There are no tyrants in American history since the founding of the nation, but we too have to figure out a way to record our desire to remove honor from the formerly honored. Here is where the second great risk may lurk. In a democracy, where values, institutions, and practices depend on the popular will rather than on military leaders, whom we decide to “honor” is up to us. But history and moral opinion have a troubling relationship. In damning prior great men, we must also damn ourselves—or, at least, the members of the democracy that erected the honorific statues in the first place. We must choose: Are we morally right now but never before (in which case what should we teach about our history?), or is moral value at any given moment actually made up of the will of the majority of the people at that point in time (in which case, we cannot claim our moral rectitude as absolute)?

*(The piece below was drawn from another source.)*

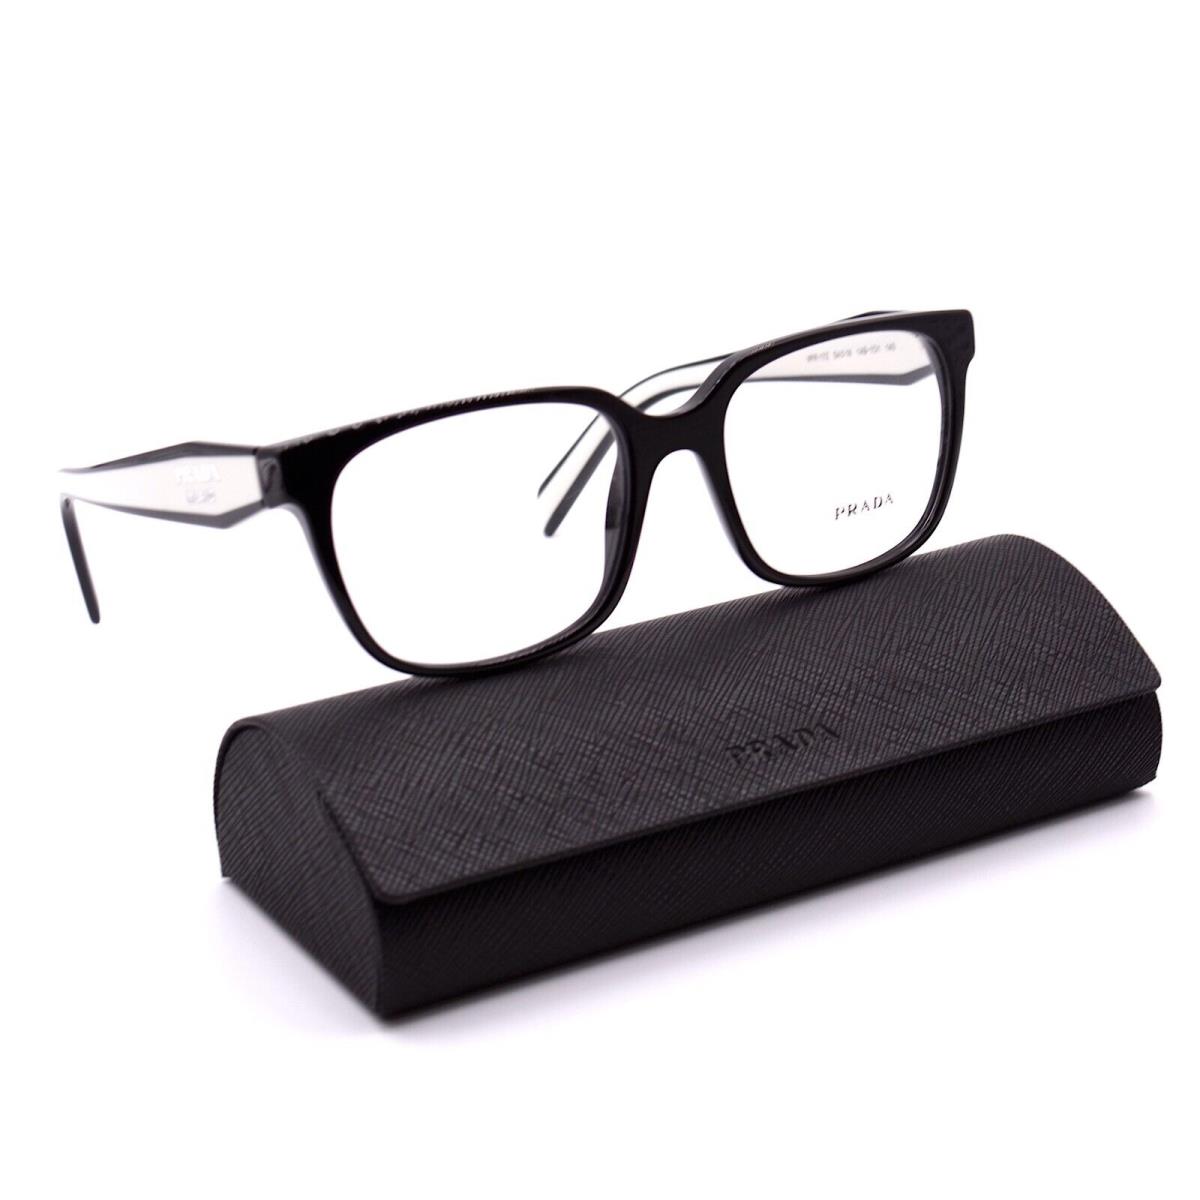 Prada eyeglasses  - Frame: Black 3
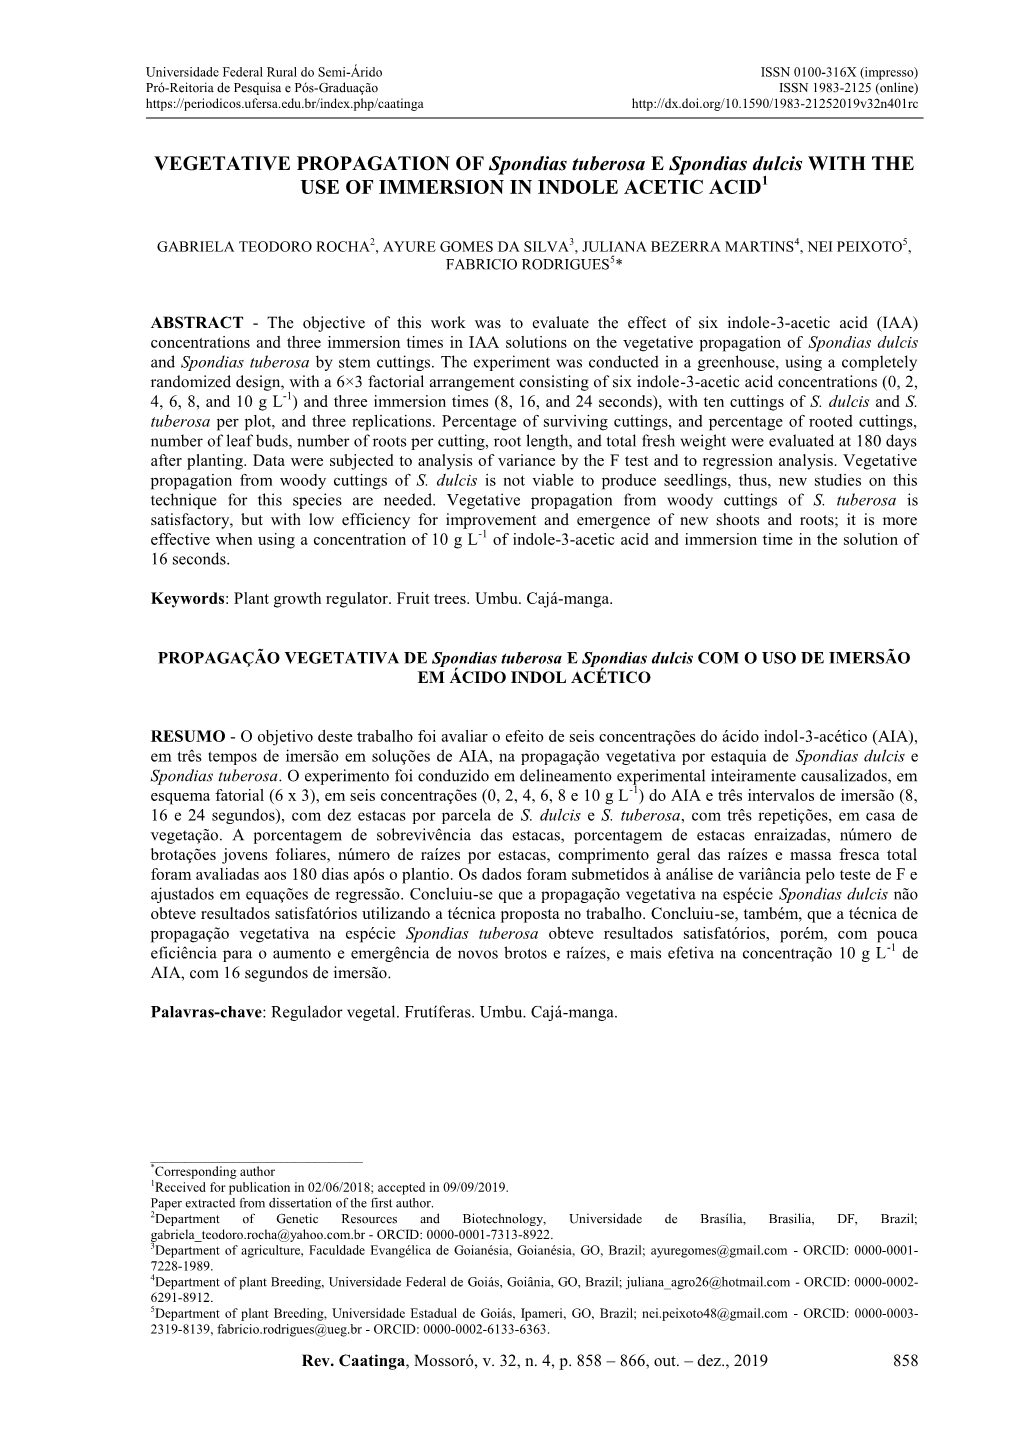 VEGETATIVE PROPAGATION of Spondias Tuberosa E Spondias Dulcis with the USE of IMMERSION in INDOLE ACETIC ACID1

To remove Confederate statues from their honorific perches in 2017 is an effective way to show that we no longer find Robert E. Lee, Stonewall Jackson, Jefferson Davis, and others to be good models for our nation. But let us at least find a way to show we made this particular decision at this particular time. Let there be some visible record of it so that, as a democracy, we have the humility to admit that our moral values, at any given time, may conceal as many problems as they let emerge into the light of day. Otherwise, we will simply pride ourselves on what we have corrected and easily condemn our predecessors—as someday we too may be condemned.